Class User < AR::Base
has_and_belongs_to_many :roles, :join_table => "user_brand_roles"
has_and_belongs_to_many :brands, :join_table => "user_brand_roles"
end
The problem with this setup is, how do I check the brand and the role at the same time?
Or would I better off with a BrandRole model where different roles can be set up for each Brand, and then be able to assign a user to a BrandRole?
Class User < AR::Base
has_many :user_brand_roles
has_many :brand_roles, :through => :user_brand_roles
end
Class BrandRole < AR::Base
belongs_to :brand
belongs_to :role
end
Class UserBrandRole < AR::Base
belongs_to :brand_role
belongs_to :user
end
This way I could do a find on the brand for the user:
br = current_user.brand_roles.where(:brand_id => #brand.id).includes(:brand_role)

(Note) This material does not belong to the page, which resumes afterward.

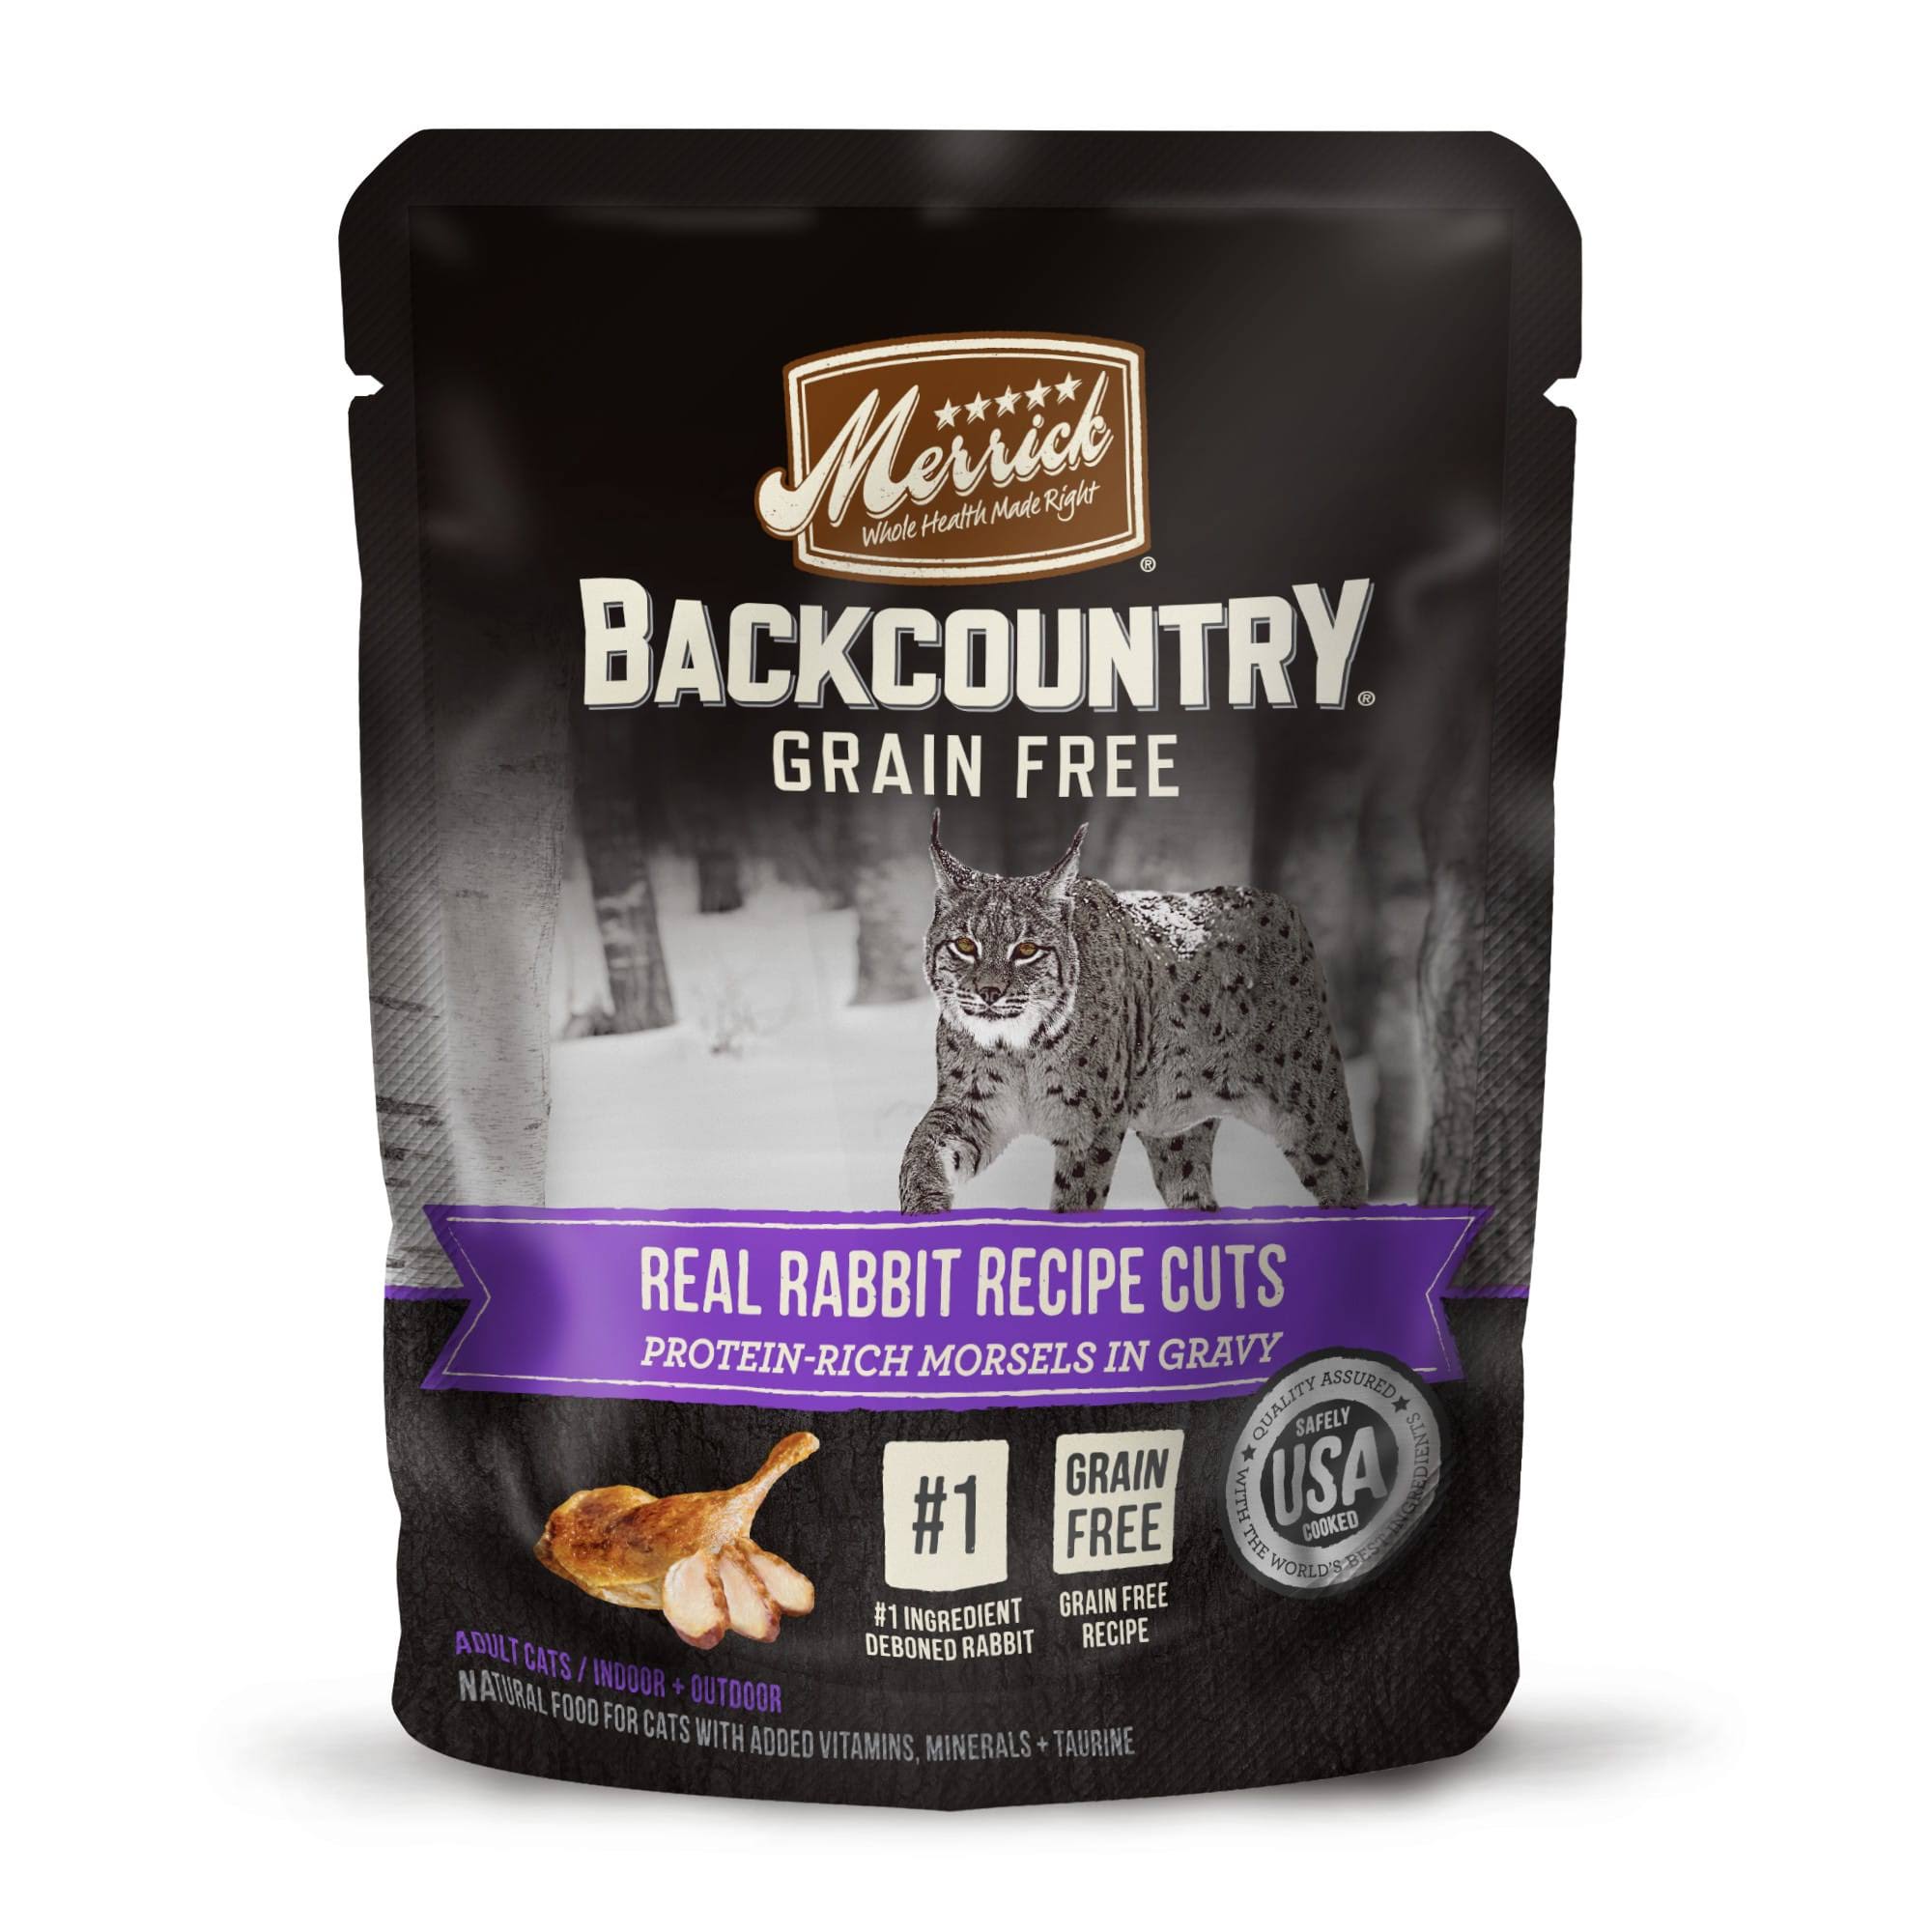 Merrick Backcountry Cat Food - Real Rabbit Cuts Recipe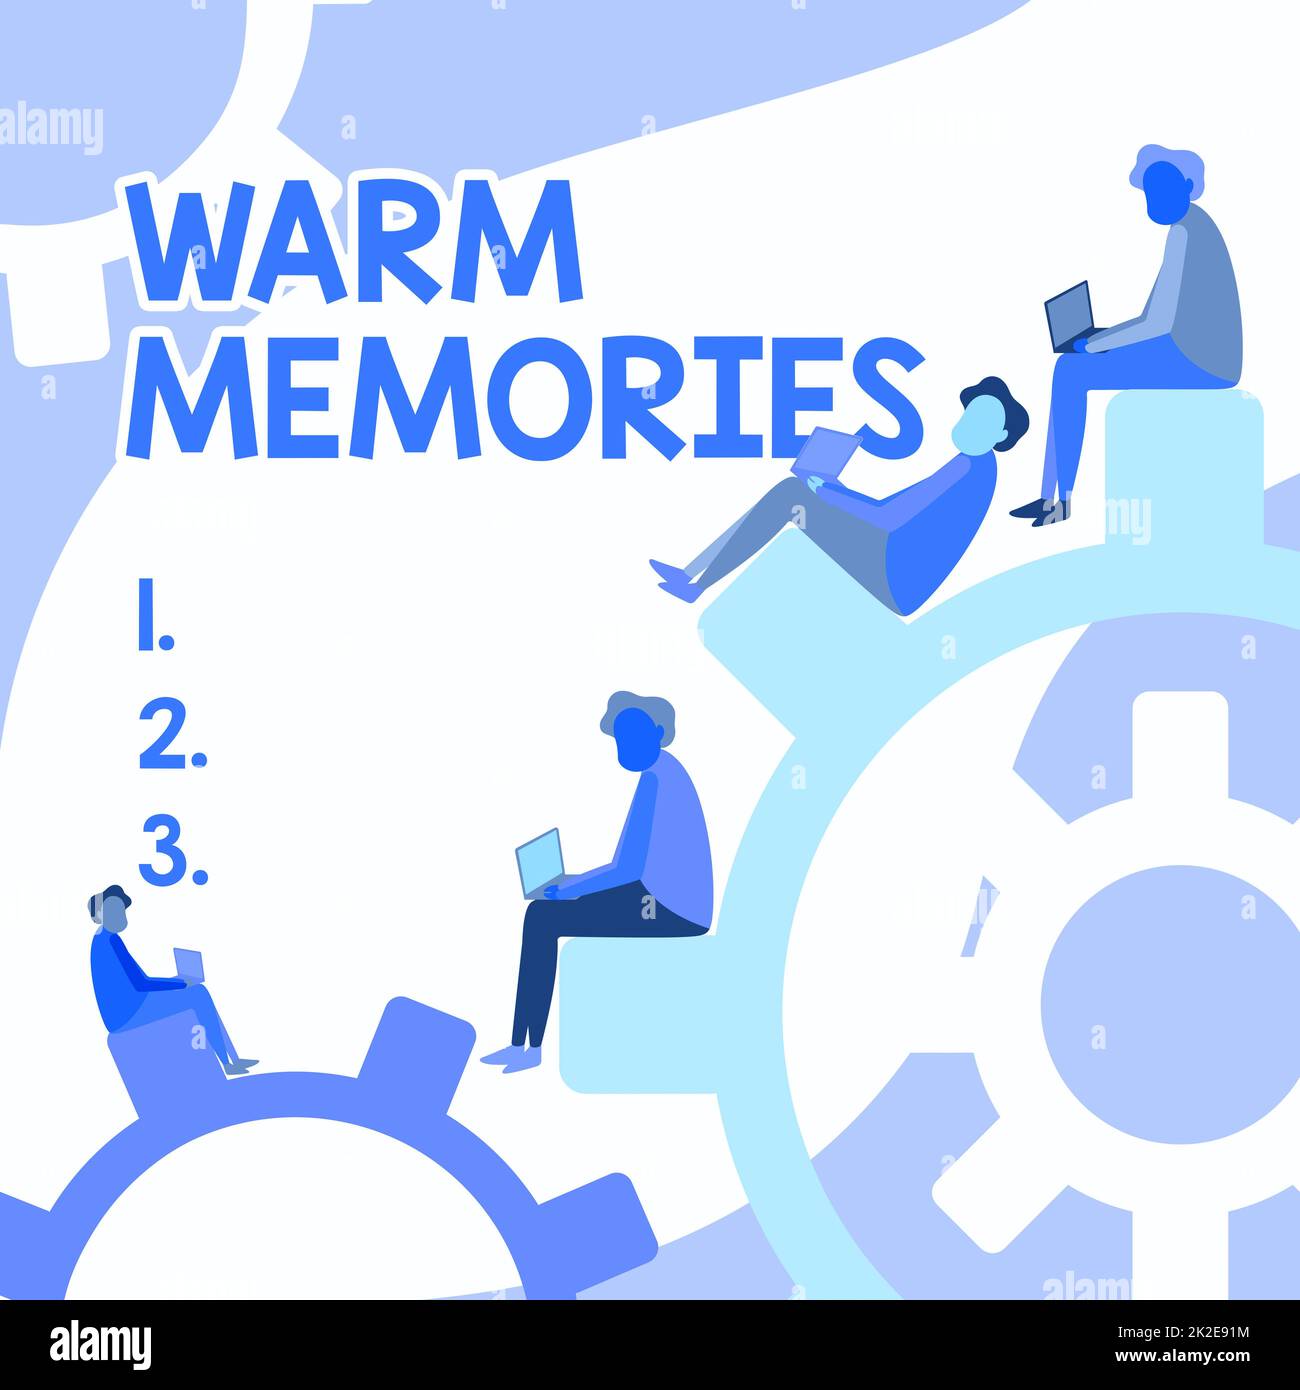 Textzeichen mit warmen Erinnerungen. Übersicht über das Unternehmen Warm Memories vier Teamkollegen zeichnen Sitzräder mit dem Laptop und zeigen den Fortschritt an. Stockfoto

if br.blank? or br.role != ADMIN
# reject access, redirect
end
This is a new application and I'm trying to learn from past mistakes and stick to the Rails Way. Am I making any bad assumptions or design decisions here?
Assuming Roles,Brands are reference tables. You can have a single association table Responsibilities with columns user_id, role_id, brand_id.
Then you can define
Class User < AR::Base
has_many : responsibilities
has_many :roles, :through => responsibilities
has_many :brands,:through => responsibilities
end
Class Responsibility < AR::Base
belongs_to :user
has_one :role
has_one :brand
end
The you can define
Class User < AR::Base
def has_access?(brand)
responsibility = responsibilities.where(:brand => brand)
responsibility and responsibility.role == ADMIN
end
end
[Not sure if Responsibility is the term used in your domain, but use a domain term instead of calling it as user_brand_role]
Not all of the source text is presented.